[PROVIDED ENTRIES]
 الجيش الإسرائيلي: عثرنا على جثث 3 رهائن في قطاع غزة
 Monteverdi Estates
[/PROVIDED ENTRIES]
[PROVIDED ENTRIES]
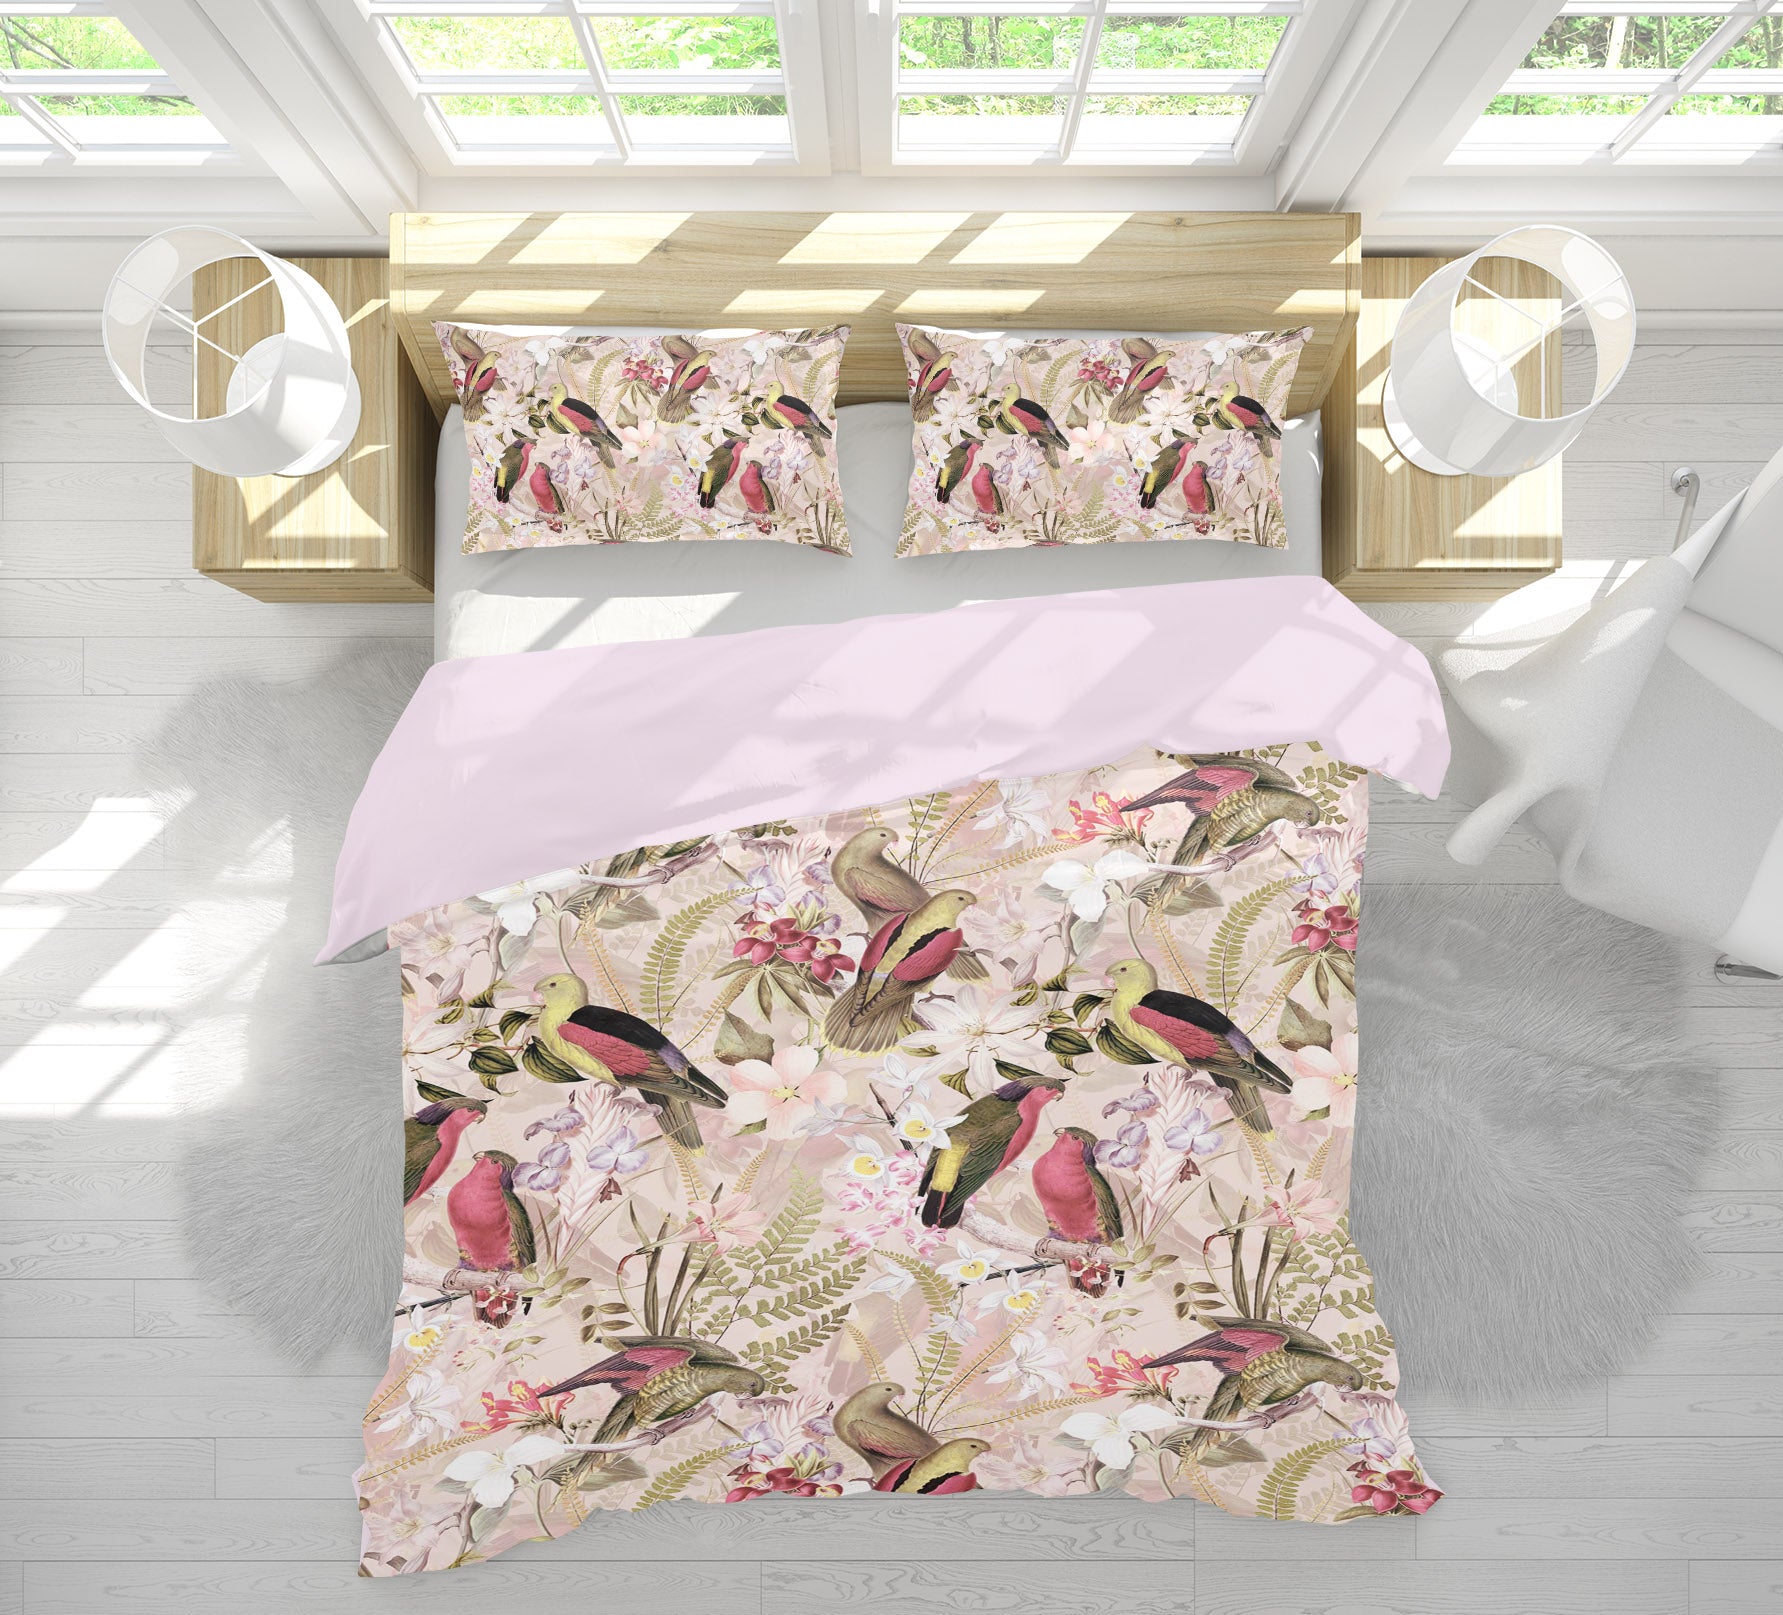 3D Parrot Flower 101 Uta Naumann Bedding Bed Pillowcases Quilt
[/PROVIDED ENTRIES]
From the listing above, output exactly the run of lines that starts with the line containing "الجيش الإسرائيلي: عثرنا" and ends with the line containing "Monteverdi Estates".

TASK RESULT
 الجيش الإسرائيلي: عثرنا على جثث 3 رهائن في قطاع غزة
 Monteverdi Estates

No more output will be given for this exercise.